Students wait as individuals organizing the event set up a screening of “Urban Roots.” The documentary focuses on self sustaining communities in Detroit that arose after the industrial decline.

Annie McDonough, Reporter

Activists educated the Northwestern community Tuesday on urban agriculture and more sustainable lifestyles.

The Buffett Center, Students for Ecological and Environmental Development, Wild Roots and One Book One Northwestern co-sponsored the event held in Harris Hall that began with a screening of “Urban Roots,” a documentary that covers the attempts to use urban farming to create prosperity and sustainability after the industrial decline that occurred in Detroit. It was followed by a panel discussion featuring urban agriculture experts from Chicago and Detroit.

The Buffett Center, which facilitates multi-disciplinary research and promotes dialogue on international affairs for NU undergraduates, sponsored the event as a follow-up to the theme of 2013’s One Book One Northwestern, “The Last Hunger Season.”

“It follows the theme of some engaged learning opportunities we provided in the fall for students to get out and explore themes of the book like agricultural development, social enterprise and community organizing in a local context,” said Patrick Eccles, assistant director of global engagement at the center.

The documentary, produced by Tree Media Group in 2011, followed the efforts of several Detroit-based grassroots urban agriculture groups to create sustainable communities in the post-industrial city.

The film described Detroit citizens’ attempts to solve the food crisis. The population loss after the economic crash left many lots of land once used for housing empty, which led individuals to question what to do with the vacant land. In areas where people were once forced to buy low quality produce from nearby gas stations at high prices, they started farming in vacant lots, creating self-sustaining communities.

Following the screening, a panel discussion, led by Eccles, addressed local efforts to create sustainable life. The discussion featured panelists Lydia Wylie-Kellermann, a writer and activist in Detroit; Wendy Irwin, co-founder of The Yellow Tractor Project in Chicago and Evanston and Ethan Viets-Vanlear, an activist and student in Chicago.

“When I started learning about the food system and what I was eating for my whole life, it really fired me up,” said Viets-Vanlear, who works with LETS GO Chicago. “Gardening is one of the only kinds of hands-on work you can do where you can really see the change you make.”

Wylie-Kellermann, who lives in Detroit’s Jeanie Wylie Community, focused on urban agriculture, immigration and nonviolence. She said the effect of grassroots gardening has been instrumental in the recovery of Detroit’s communities.

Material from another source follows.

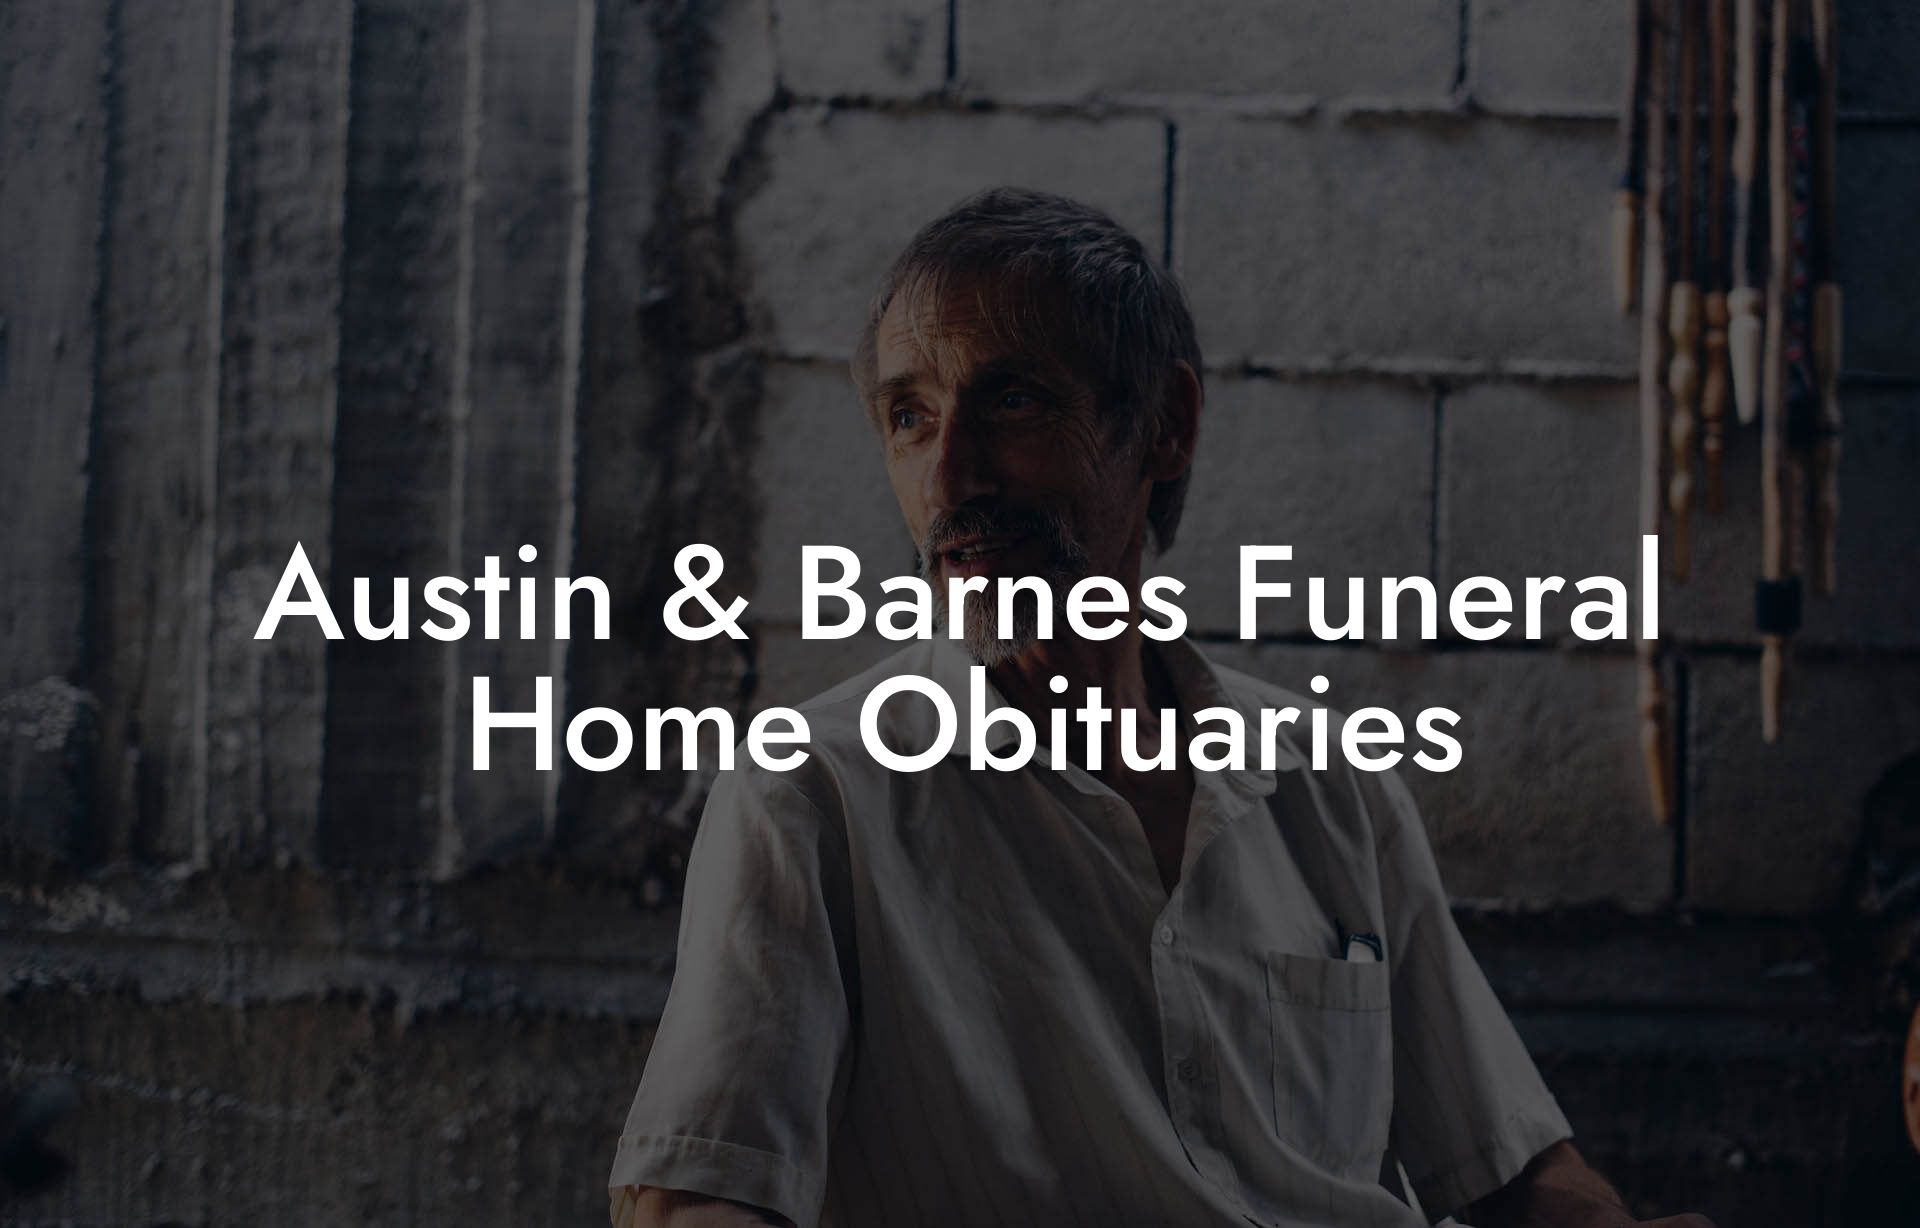 Austin & Barnes Funeral Home Obituaries

“In a post-industrial society abandoned by corporations, seeing how Detroit has responded is pretty incredible,” Wylie-Kellermann said. “There isn’t a single neighborhood in Detroit that hasn’t been touched by urban agriculture.”

However, grassroots groups are facing challenges because Detroit city management is still not authorizing their efforts.

“We’re now under emergency management, which means we have no elected officials with any power in the city,” Wylie-Kellermann said, referencing the governor-appointed city manager who deals with zoning for vacant lots of land. “It’s a top-down control model that’s very different from the urban agriculture movement that is so strong.”

Irwin added urban farmers run into the same problems in Chicago.

“When it’s top-down and no one’s bothered to go out and learn about the community, that’s where we lose sustainability,” he said.

Irwin, who has worked with students from the Kellogg School of Management in building community gardens in Chicago and Evanston, said The Yellow Tractor Project hopes to continue working with NU students to “peacefully attack” the city with these urban gardens.

“The word ‘farm’ is scary to people, and a lot of people say they’ll never be a farmer,” Irwin said. “We’re making it our job to educate people and show them they can farm anywhere.”